I remember arguing with my grandmother about nuclear weapons when I was in grade school. I thought then, and have never thought otherwise, that dropping an atomic bomb on Hiroshima and Nagasaki was morally wrong and never should have happened. My grandmother thought atomic bombs were the appropriate way to end the war. It was the only time she agreed with a decision by a democrat. The only time she criticized a republican was when Bush went to Hirohito’s funeral.

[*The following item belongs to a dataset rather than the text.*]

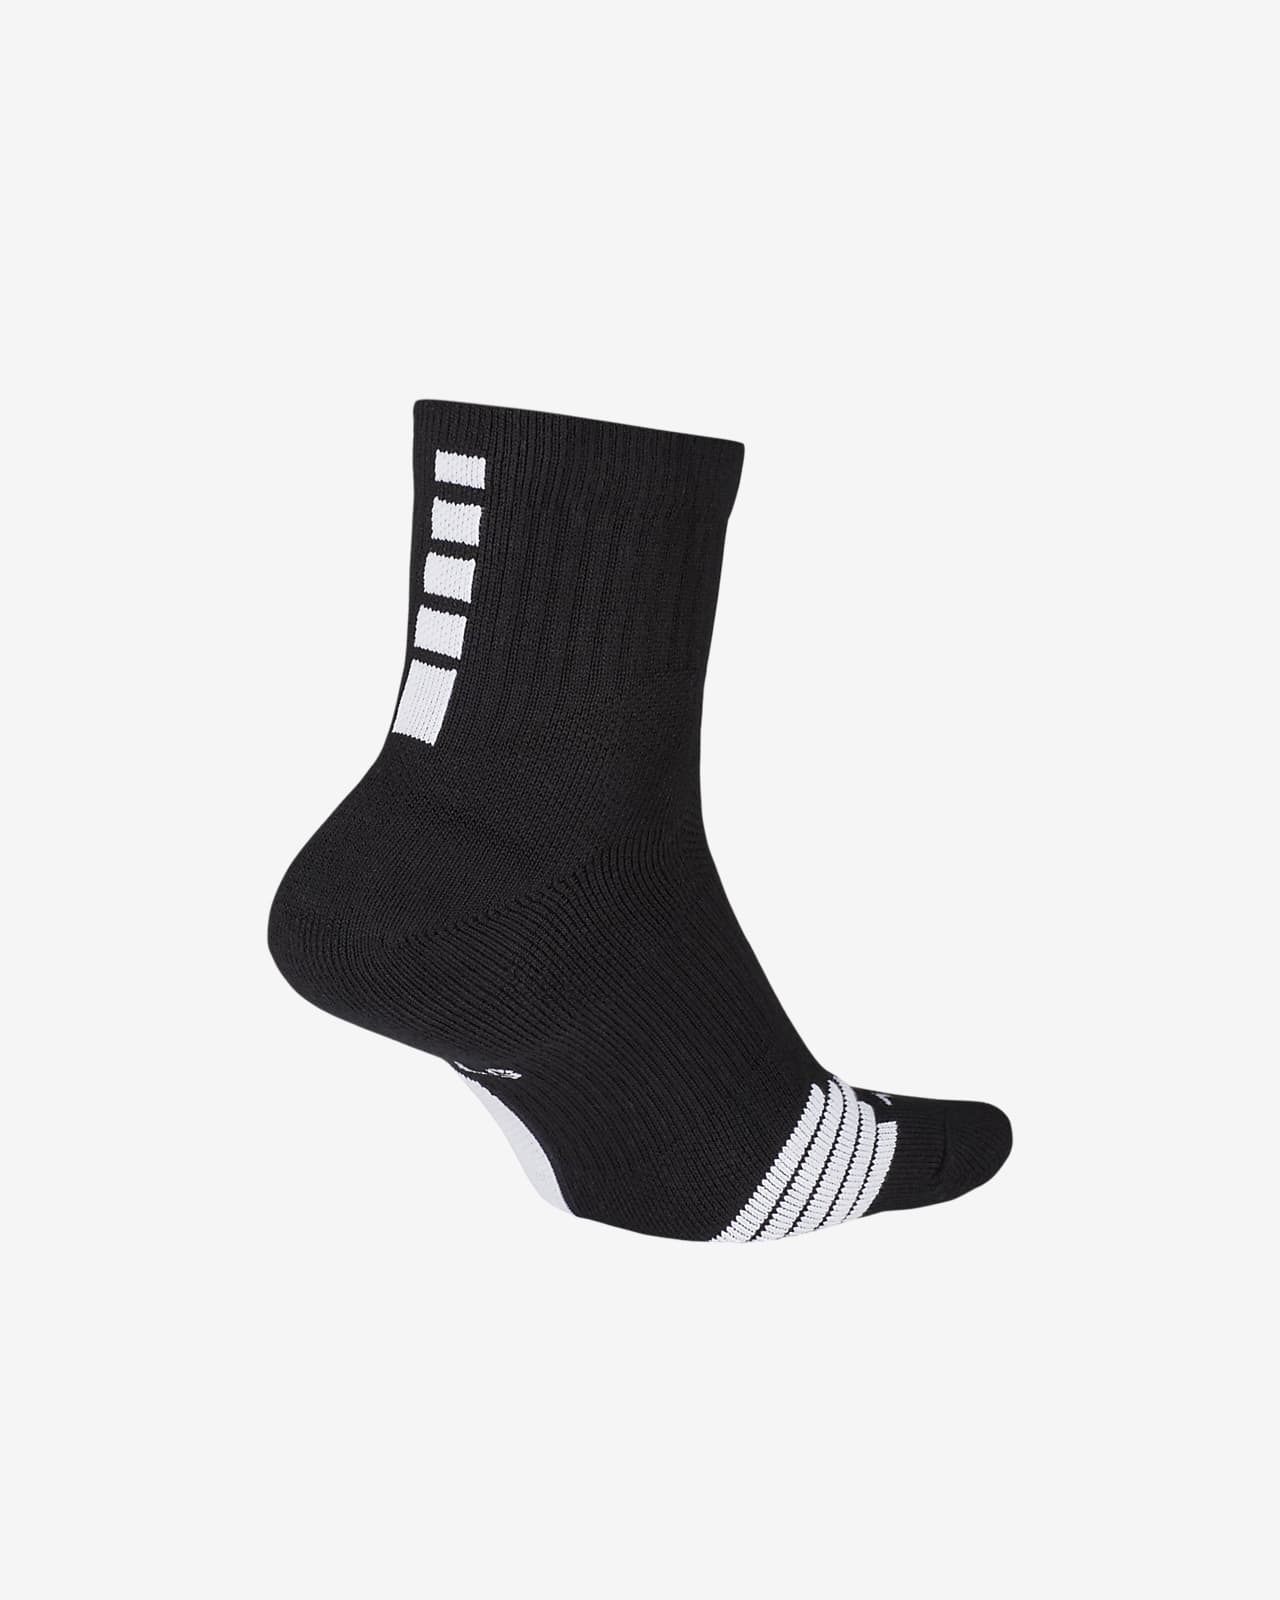 nike elite mid basketball socks

Mine was the first generation to grow up with the terror of nuclear war. Even as little kids, we knew about skeletons on fire and melting flesh. I had nightmares about being where a hydrogen bomb was dropped. Our fears weren’t groundless. We had useless air raid drills twice a year in school. I’ve never figured out how leaning my face against my locker and putting an arm behind my head would protect me from radiation poisoning and the school being reduced to rubble.
I grew up watching dead, burnt bodies in Vietnam on the evening news. We ate dinner while watching the news. I saw a naked child running down the street after she had been burned by napalm. I saw a Vietnamese man get his brains blown out of his head. Every time Lyndon Johnson came on TV, I told myself, “this time he will say it’s over.” He didn’t. He always came to us with a heavy heart. I was in high school when LBJ decided not to run for reelection. There was an announcement over the PA telling us he wasn’t running. That’s how much against the war people – even conservative people – were.
After my clock radio alarm woke me up on May 5, 1970, I listened to the news about how the Ohio National Guard opened fire on unarmed students and murdered four people. I felt cold terror in my bowels. Ten years later, I was in college during Commuter Daze – a time to blow off steam before final exams – and saw the sheet hanging from the second floor of the student union. “My God, my God, they are killing us.” I felt as if I had been kicked in the stomach. I was halfway through eating a hot dog. Being seven years older than my classmates, what they learned about was what I experienced. I remember hearing someone say the message was about “some kids got killed.”
Yesterday, February 24, 2022, I had a court appearance via zoom. This was a worker’s comp case and we had already worked out a settlement. All that needed to be done was the judge to ask my client if my client understood the terms and to approve the settlement agreement. Purely a formality. I’m comfortable in court. I love hearings and trials. I spent the morning on edge and anxious. After a while, I realized it wasn’t a hearing that concerned me. I was anxious because Russia invaded Ukraine and had captured what had been contained radiation from Chernobyl after the reactor melted down. NATO is going to have to respond. The US is already sending troops to Eastern Europe. Russia is aligned with China and North Korea. All three countries have nuclear weapons capable of hitting the US and all three countries are run by madmen. We are sitting on the edge of a world war. This time, there will be no winners. There will only be radiation.
What terrified me as a child, terrifies me now.
Thank God the narcissistic sociopath lost the election.